Now to pull back a bit - Lanefan and Maxperson clearly think I run a game that is degenerate in some sense. That's fine - it's their prerogative to dislimke someone else's creative endeavour. My response is to respond to their posts and further explain whatever techniques I thinik they are misunderstanding or misdescribing.

It's clear that those two posters, and probably some others, think that a game in which a player is free to declare "I search for a secret door" is not a railroad, even if the GM has already decided there is no secret door to be found, because the player got to choose what action to declare. My view is that it is a railroad, because the outcome of the choice has already been determined by the GM, and - assuming (as I am) that there is something actually at stake in the situation (such as avoiding capture by pursuers) - the range of options available to the players in responding to the situatoin has been narrowed by an unrvealed element of the GM's framing.

(If the game was a puzzle-solving game, where the whole idea is to guess the GM's unrevealed secrets, then things would be different. Railroading doesn't really have application in that context, I don't think. As best I can tell, this puzzle-solving element is a bigger thing in [MENTION=29398]Lanefan[/MENTION]'s game than [MENTION=23751]Maxperson[/MENTION]s's.)

This is not a disagreement over the definition of railroad. It's a disagreement over what should be the meaningful dimensions of player choice in RPGing. But "should" here is obviously not a universal moral judgement. We're discussing hobby gaming, not the fate of humanity. It's a type of aesthetic should. but also connected to the enjoyment of RPGing.

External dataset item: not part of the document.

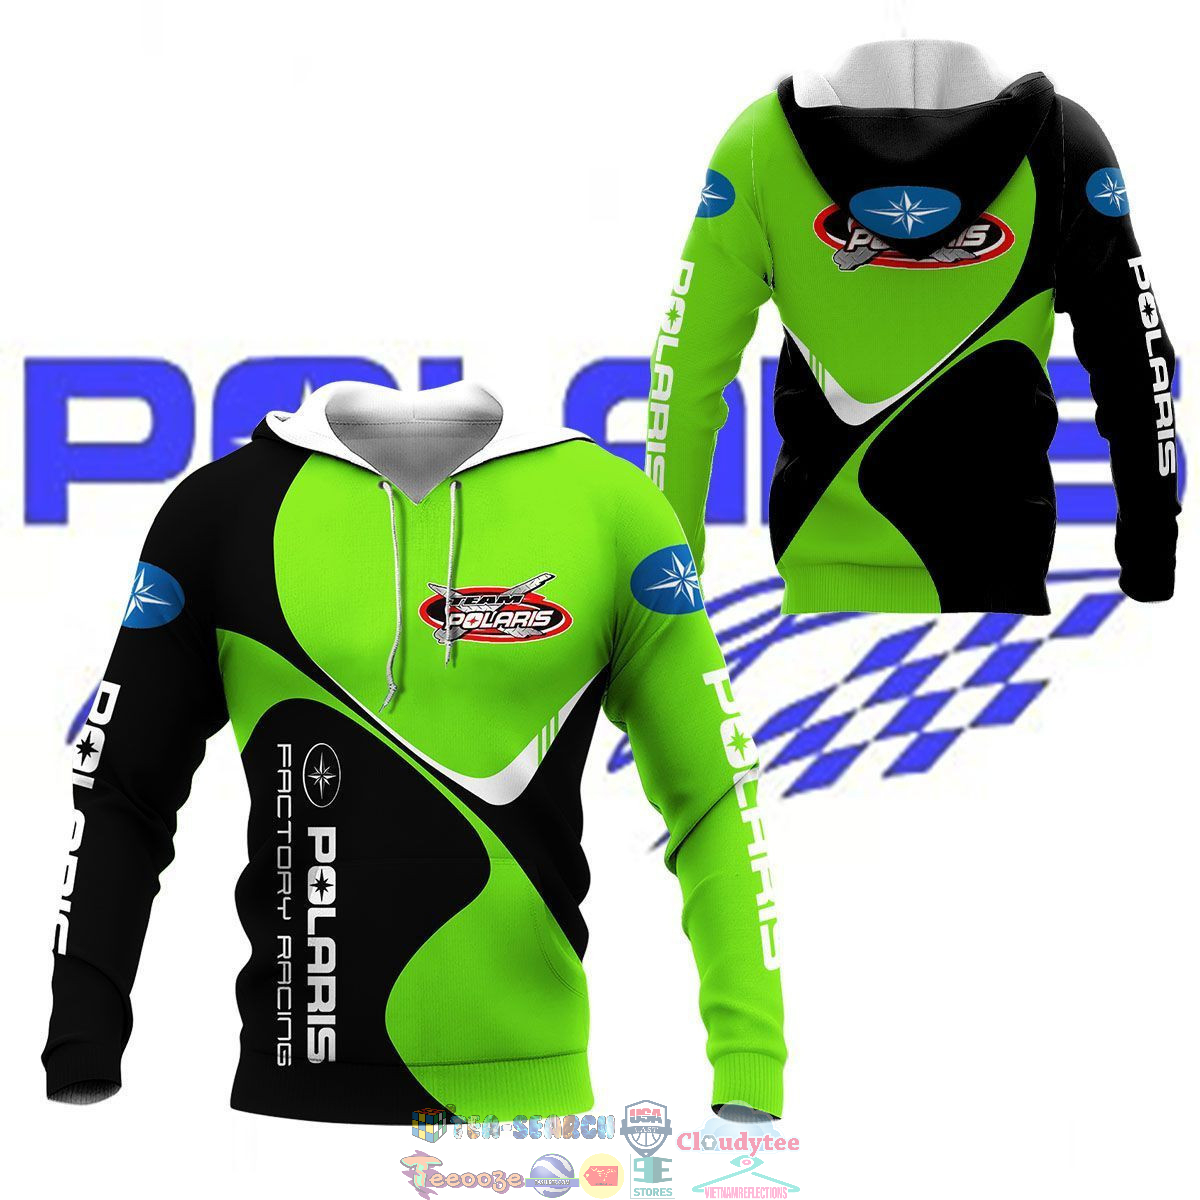 QG5tDqKP-TH160822-39xxxPolaris-Factory-Racing-Green-3D-hoodie-and-t-shirt3.jpg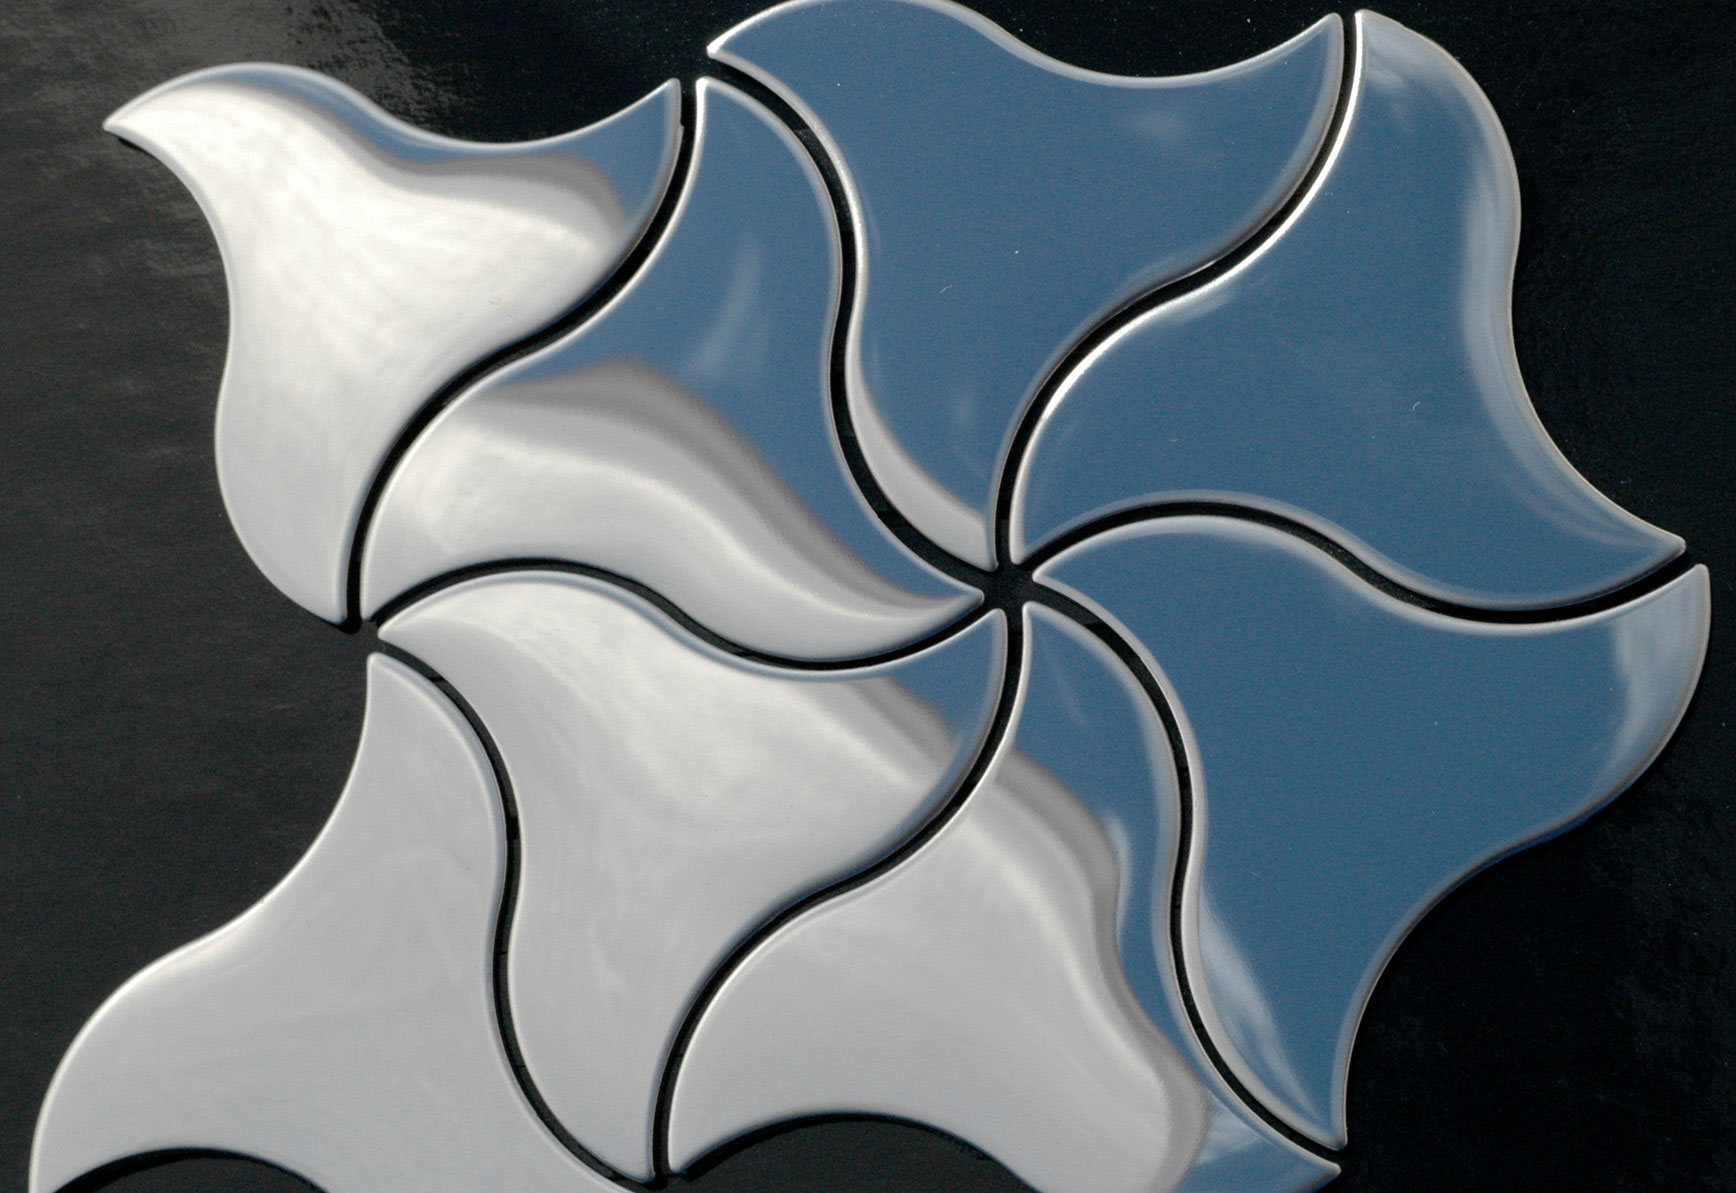 NINJA Stainless Steel Mirror Tiles

I take that to be sufficient to show that it is relational in the way I described above.
 

Maxperson

Morkus from Orkus
Now to pull back a bit - Lanefan and Maxperson clearly think I run a game that is degenerate in some sense. That's fine - it's their prerogative to dislimke someone else's creative endeavour. My response is to respond to their posts and further explain whatever techniques I thinik they are misunderstanding or misdescribing.

Speaking for myself, I don't think that at all. I just think that your game is different than mine. Where we clash is in your portrayals of my playstyle in degenerate terms. Railroady, choose your own adventure, declaring actions in order to get the DM to say stuff, etc. Not only are you way off base with these mischaracterizations, but they can also be applied to your game if I really try.

It's clear that those two posters, and probably some others, think that a game in which a player is free to declare "I search for a secret door" is not a railroad, even if the GM has already decided there is no secret door to be found, because the player got to choose what action to declare. My view is that it is a railroad, because the outcome of the choice has already been determined by the GM, and - assuming (as I am) that there is something actually at stake in the situation (such as avoiding capture by pursuers) - the range of options available to the players in responding to the situatoin has been narrowed by an unrvealed element of the GM's framing.

The outcome of a choice does not a railroad make. I have to be forcing you or your character to do something for it to be a railroad.